So Cameron is raising more money for the rich. Get outta town! Well, it’s not as if most of us haven’t spotted the growing gap between the wealthiest and the poorest, and made a fundamental connection there.

Tax avoidance and evasion costs this Country at least £69 billion a year, at a conservative estimate. Also, note that the highest earners each stand to gain a further £107, 000 EXTRA per year, courtesy of the Tory-led Coalition.

That’s most certainly reflects traditional Tory ideological commitments, and it drags Osborne’s sham “economic strategy” shrieking into daylight, revealing it starkly for what it is. The real reason for the austerity measures this Government have inflicted on the poorest citizens is that Tory sponsors and very greedy, hoarding rich people are being handsomely rewarded with tax payers money.
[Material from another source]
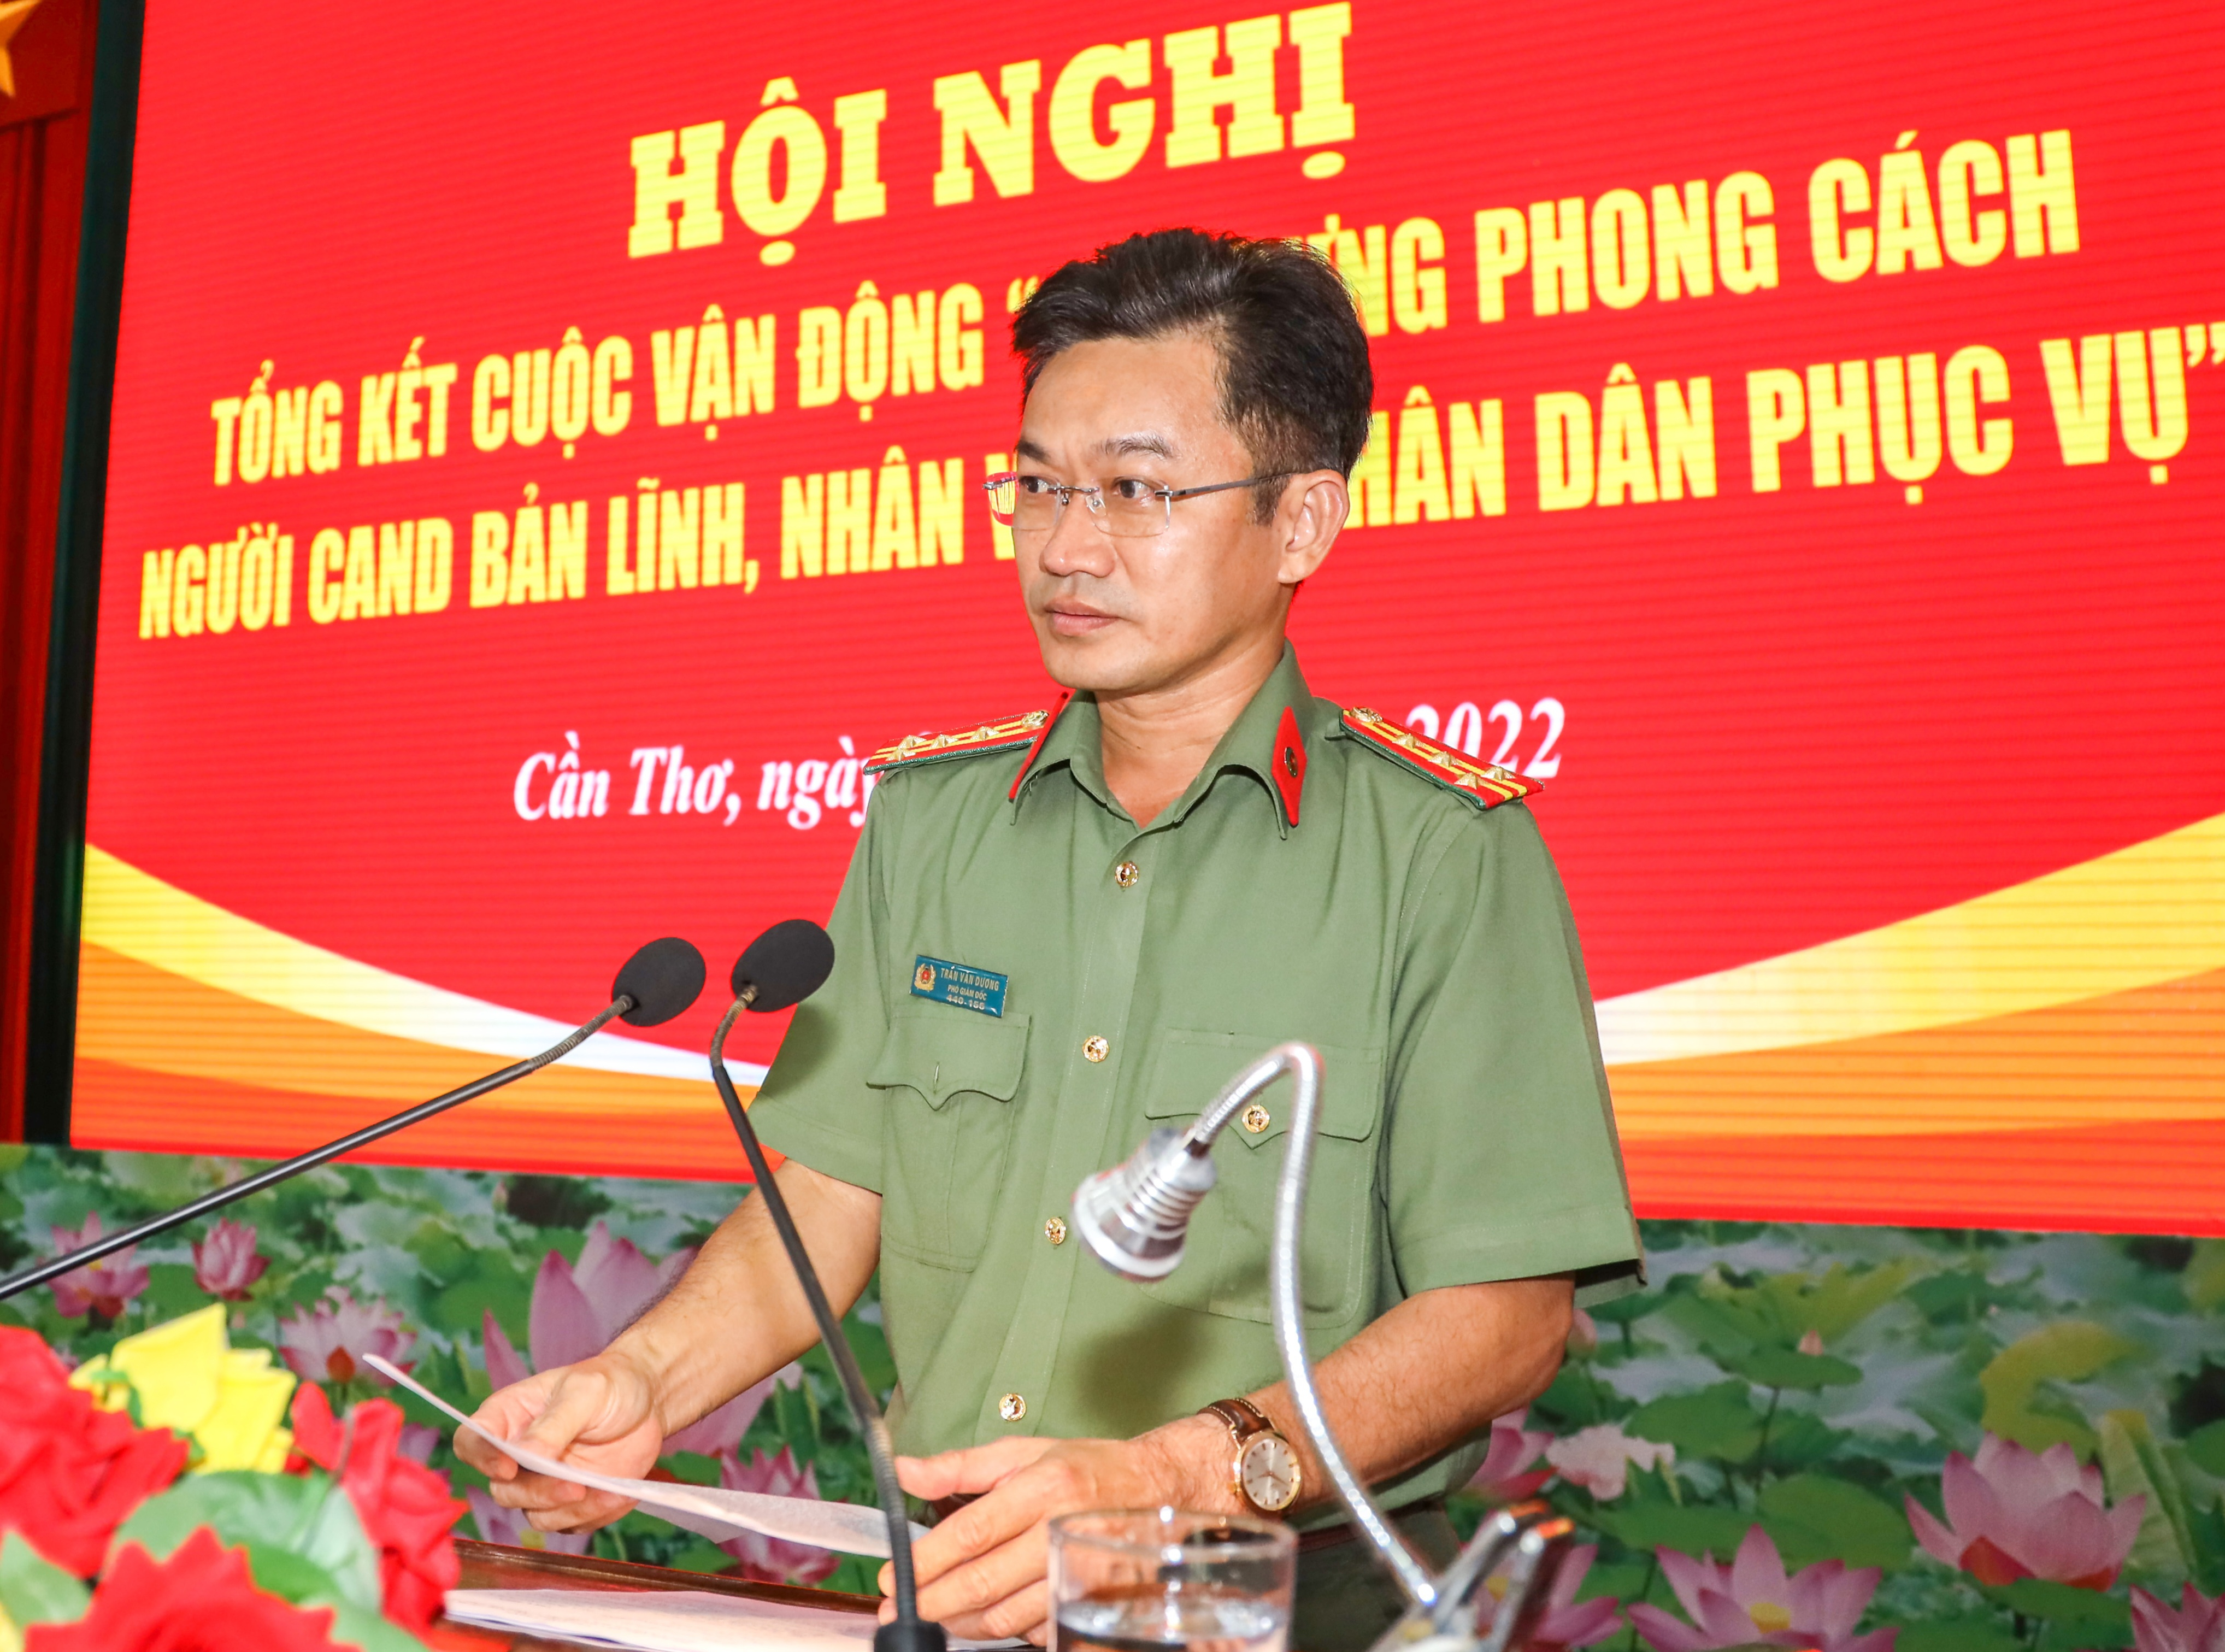 Đại tá Trần Văn Dương - Ủy viên BCH Đảng bộ thành phố, Phó Bí thư Đảng ủy, Phó Giám đốc Công an TP. Cần Thơ phát biểu chỉ đạo tại hội nghị.

The money for our welfare provision, our healthcare, our public services, schools, and so on, is being stolen from the British public and backhanded to the undeserving rich – there is the REAL “culture of entitlement”.

Private companies, many of which donate to the Conservative party, and have a subsequent powerful (and corrupt) lobbying influence on Tory policies, are making a fortune from the poverty that has been inflicted on many citizens. We have seen that the private sector do not deliver public “services” or meet public needs at all. (AtosA4E , G4S, for example.)
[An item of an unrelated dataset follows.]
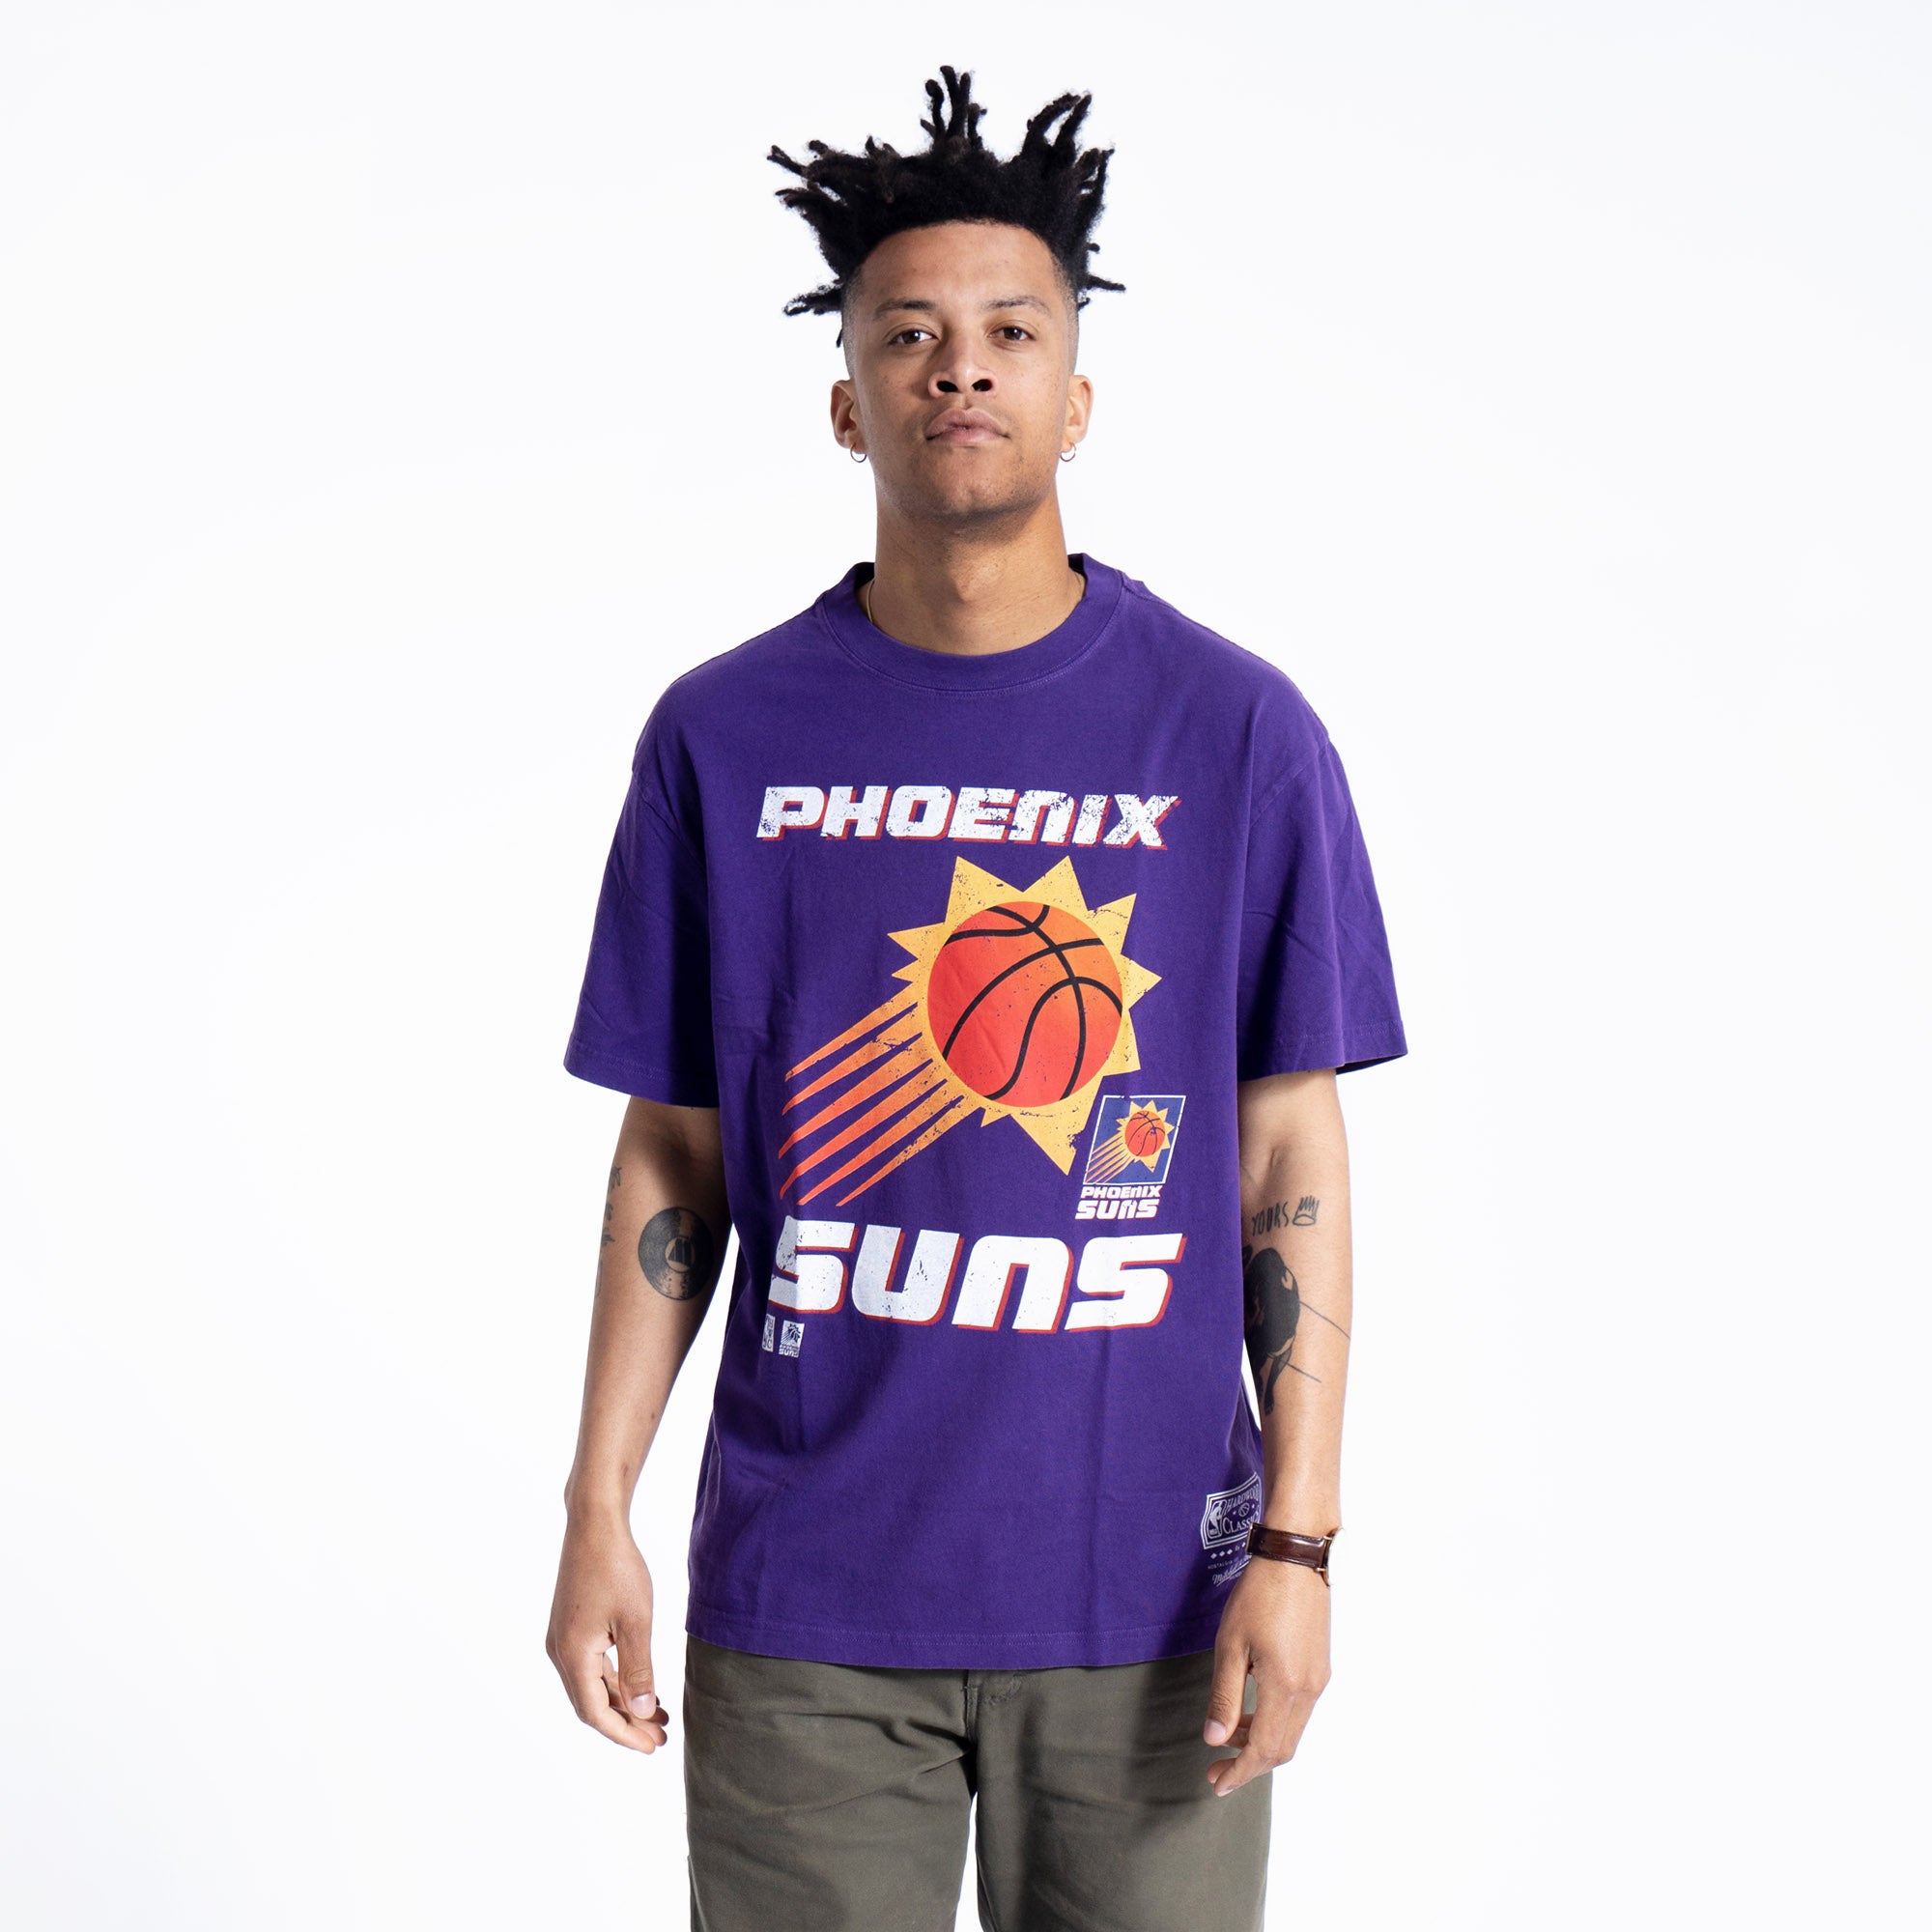 Buy Now Phoenix Suns Vintage T Shirt with Unique Graphic

Private companies simply make profit. Indeed, that profit is all too often made at the expense of the well being of Citizens. That is most certainly and clearly true of Atos.

Ed Milliband said: ‘David Cameron and George Osborne believe the only way to persuade millionaires to work harder is to give them more money.’

‘But they also seem to believe that the only way to make you (ordinary people) work harder is to take money away.’ 

A very well spotted contradiction regarding Cameron’s claims about how “incentives” work. Apparently, the rich are a different kind of human from the majority of human beings. One set of punitive incentives for the poorest, another set of deluxe incentives, based on reward, for the wealthiest. That’s most certainly discrimination, embedded in Tory policy.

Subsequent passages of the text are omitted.